Now the difference between the particular expenses curve and a normal supply curve lies in this, that in the former we do, and in the latter we do not, take the general economies of production as fixed and uniform throughout. The particular expenses curve is based throughout on the assumption that the aggregate production is OH, and that all the producers have access to the internal and external economies which belong to this scale of production; and, these assumptions being carefully borne in mind, the curve may be used to represent a particular phase of any industry, whether agricultural or manufacturing: but they cannot be taken to represent its general conditions of production.

That can be done only by the normal supply curve, in which PM represents the normal expenses of production of the OMth unit on the supposition that OM units (not any other amount, as OH) are being produced; and that the available economies of production external and internal are those which belong to a representative firm where the aggregate volume of production is OM. These economies will generally be less than if the aggregate volume of production were the larger quantity OH; and therefore, M being to the left of H, the ordinate at M for the supply curve will be greater than for a particular expenses curve drawn for an aggregate production OH.

It follows that the area SAF which represents aggregate rent in our present diagram would have represented something less than the aggregate rent, if SS' had been a normal supply curve even for agricultural produce (DD' being the normal demand curve). For even in agriculture the general economies of production increase with an increase in the aggregate scale of production.

If however we choose to ignore this fact for the sake of any particular argument; that is, if we choose to assume that MP being the expenses of production of that part of the produce which was raised under the most difficult circumstances (so as to pay no rent) when OM units were produced, it remains also the expenses of production (other than rent) of the OMth unit even when OH is produced; or, in other words, if we assume that the increase in production from the amount OM to the amount OH did not alter the expenses of production of the OMth unit, then we may regard SAF as representing the aggregate rent even when SS' is the normal supply curve. It may be occasionally convenient to do this, attention being of course called every time to the nature of the special assumption made.

But no assumption of the kind can be made with regard to the supply curve of a commodity that obeys the laws of increasing return. To do so would be a contradiction in terms. The fact that the production of the commodity obeys that law, implies that the general economies available when the aggregate volume of production is large, are so much greater than when it is small, as to override the increasing resistance that nature offers to an increased production of the raw materials of which the industry makes use. In the case of a particular expenses curve, MP will always be less than AH (M being to the left of H) whether the commodity obeys the law of increasing or diminishing return; but on the other hand in the case of a supply curve, for a commodity that obeys the law of increasing return, MP would generally be greater than AH.

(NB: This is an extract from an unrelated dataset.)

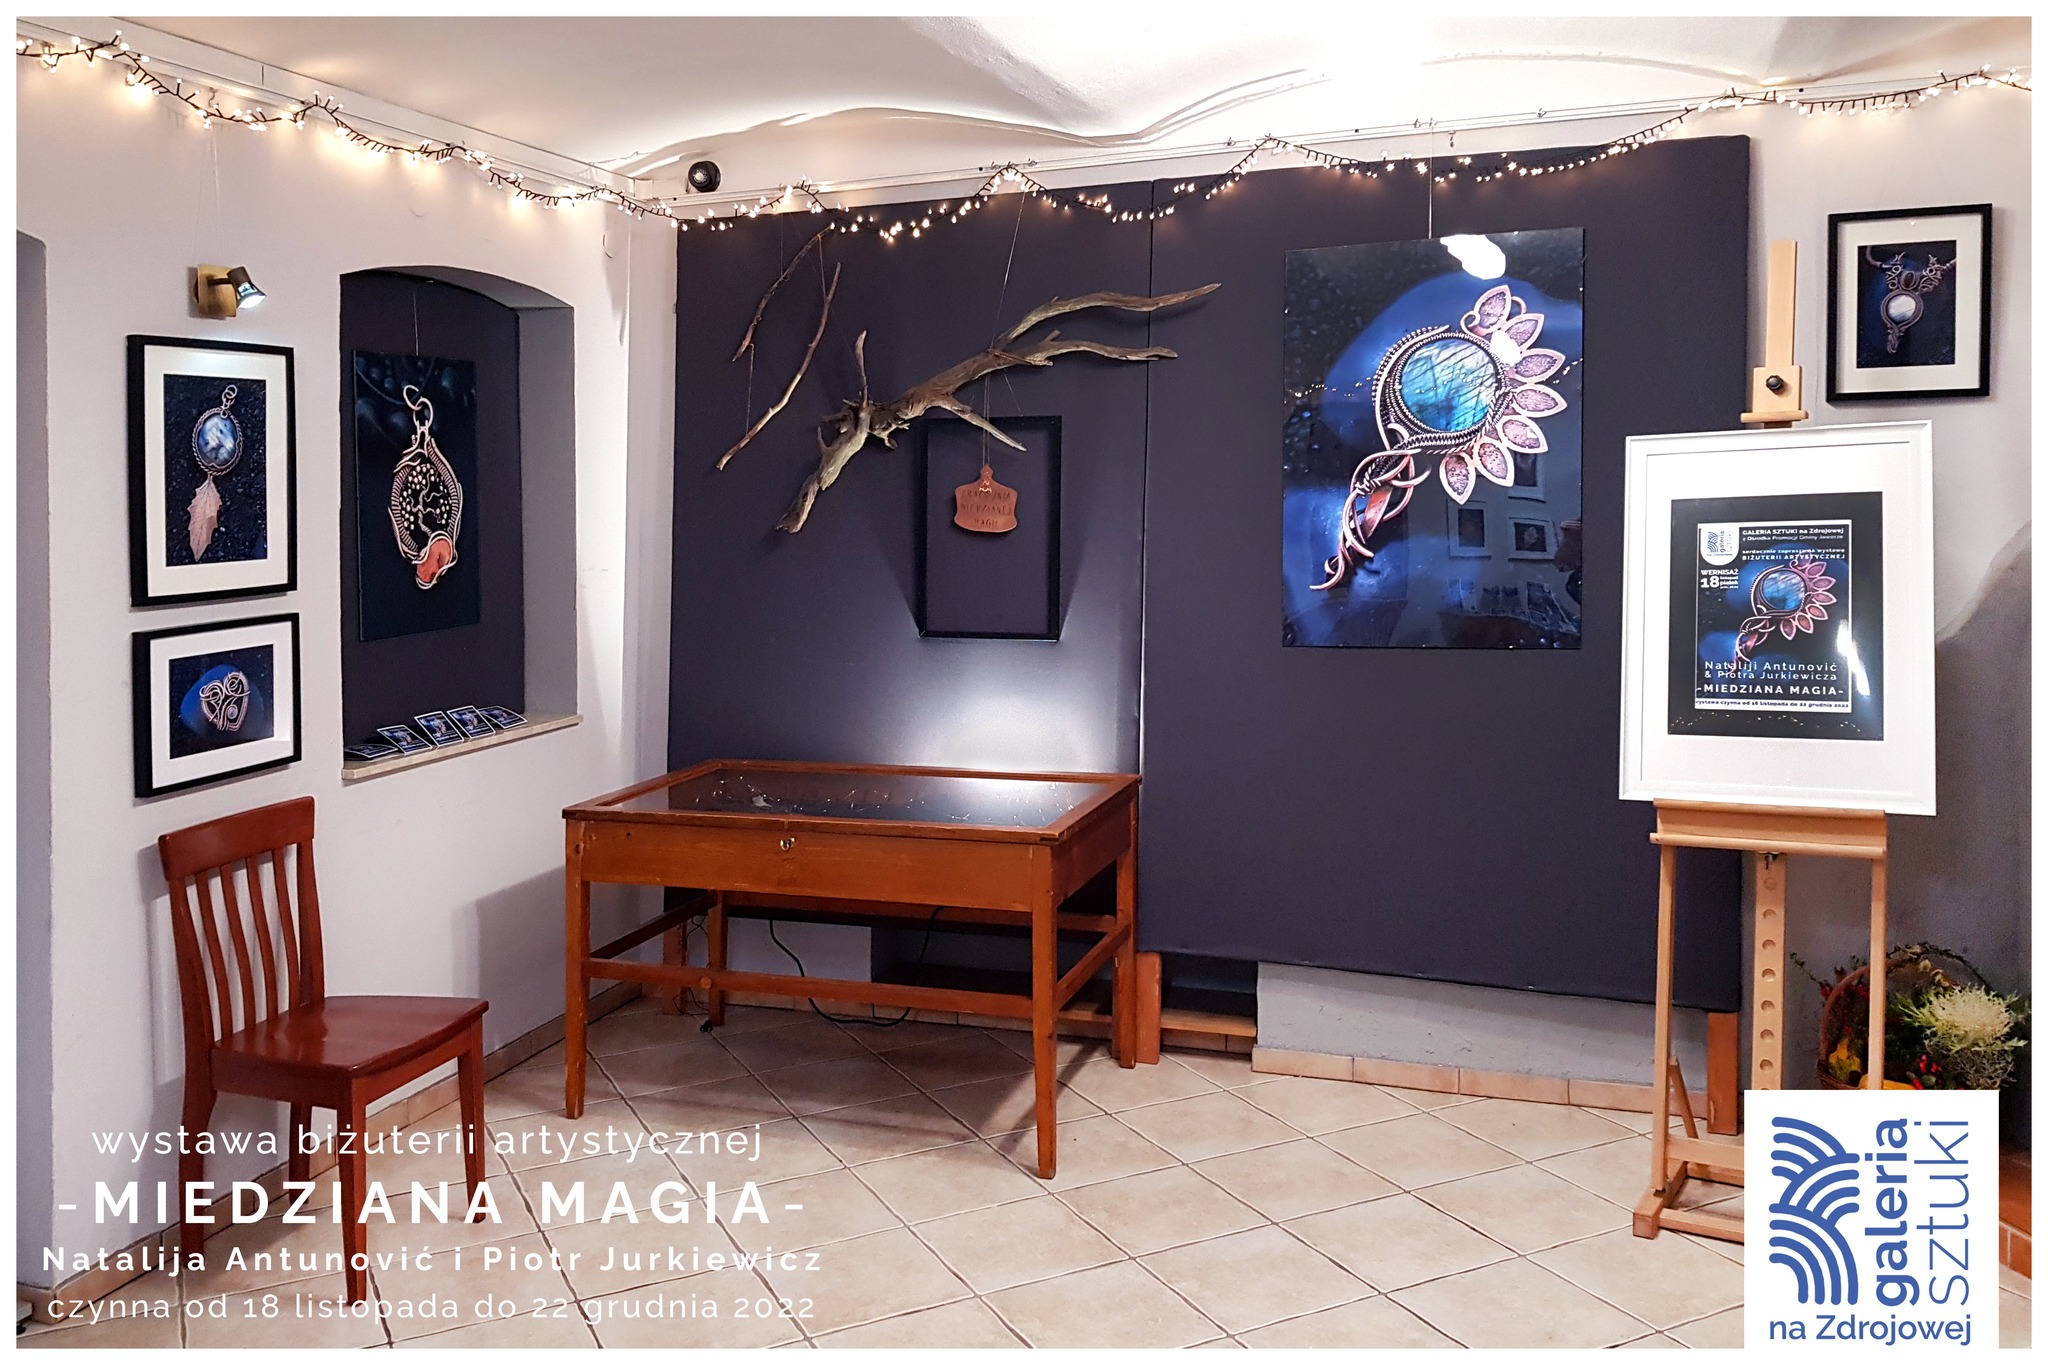 Wernisaż wystawy biżuterii artystycznej MIEDZIANA MAGIA. Na zdjęciu część ekspozycji.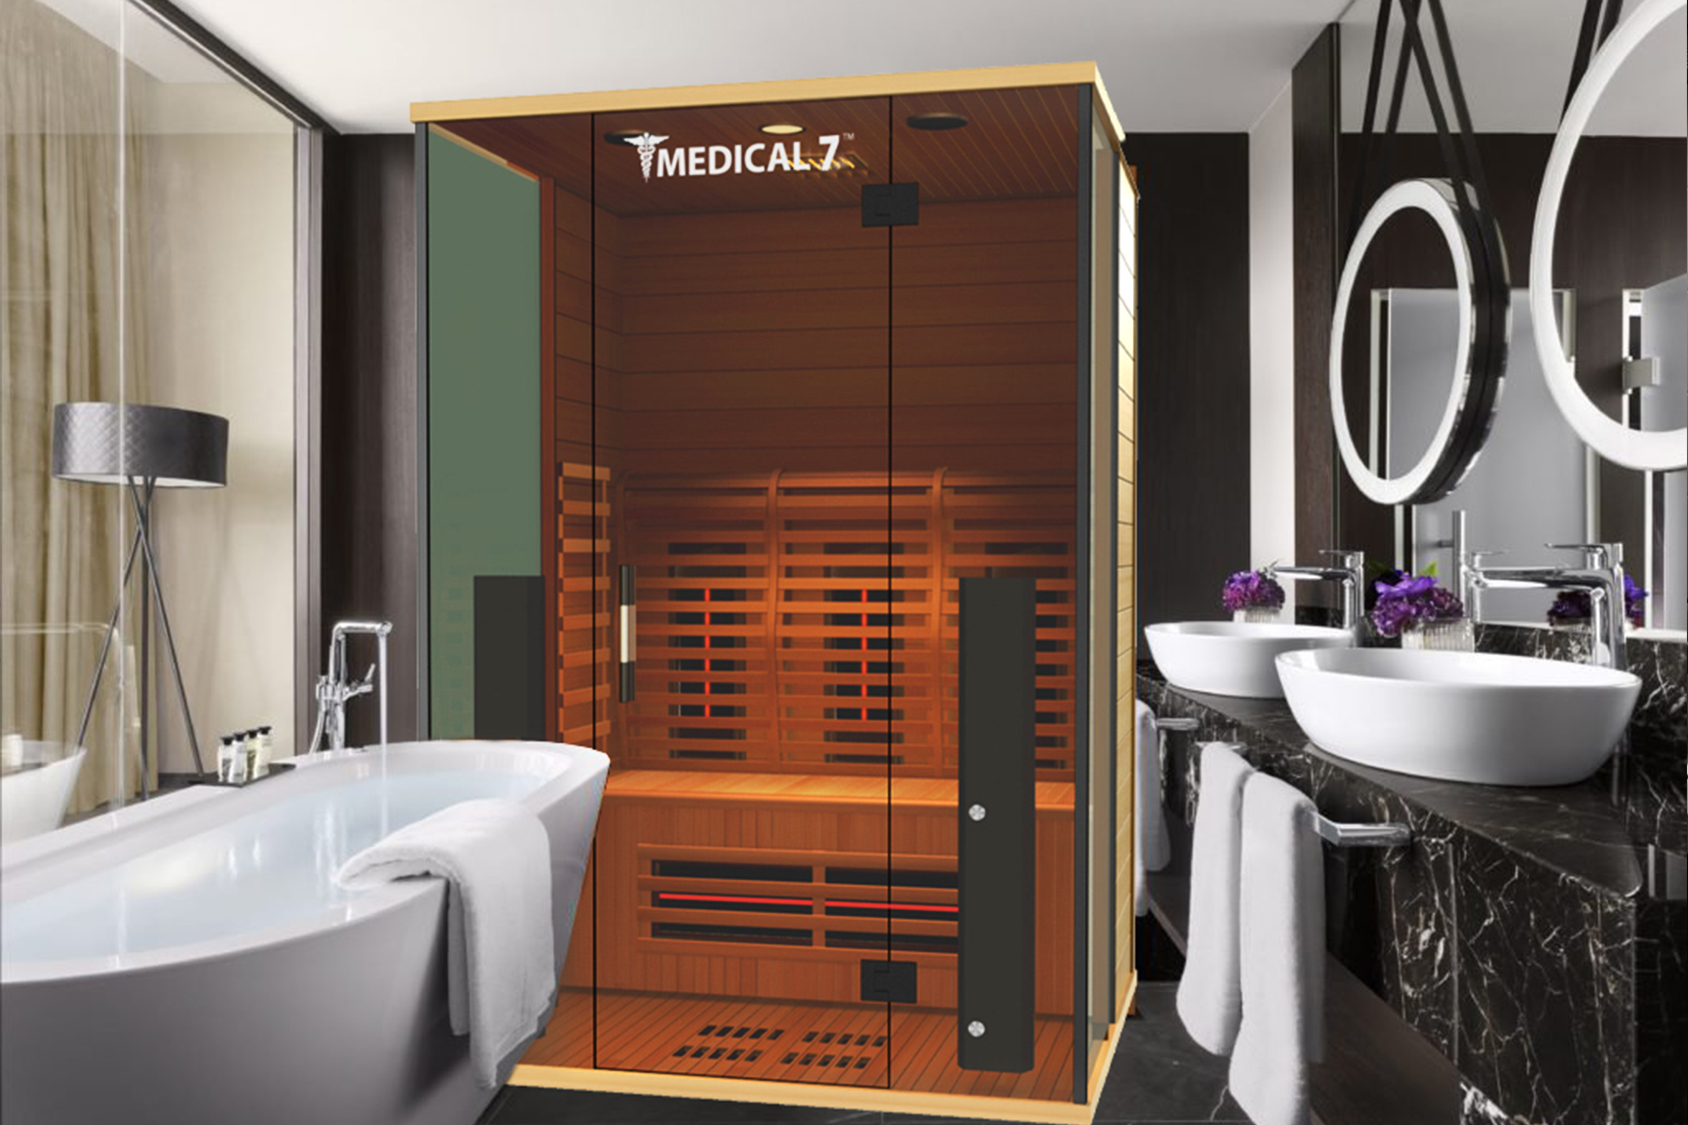 Medical 7™ in a Luxury Bathroom Showcase*

It remains to say that if we are dealing with a problem in which some even of those appliances for production which were made by man, have to be taken as a given quantity for the time, so that their earnings will be of the nature of a quasi-rent; we may then draw a particular expenses curve, in which MP stands for the expenses of production in the narrower sense in which such quasi-rents are excluded; and the area SAF would thus represent the aggregate of rents proper and of these quasi-rents. This method of treating short-period normal value problems has attractions, and may perhaps ultimately be of service: but it requires careful handling, for the assumptions on which it rests are very slippery.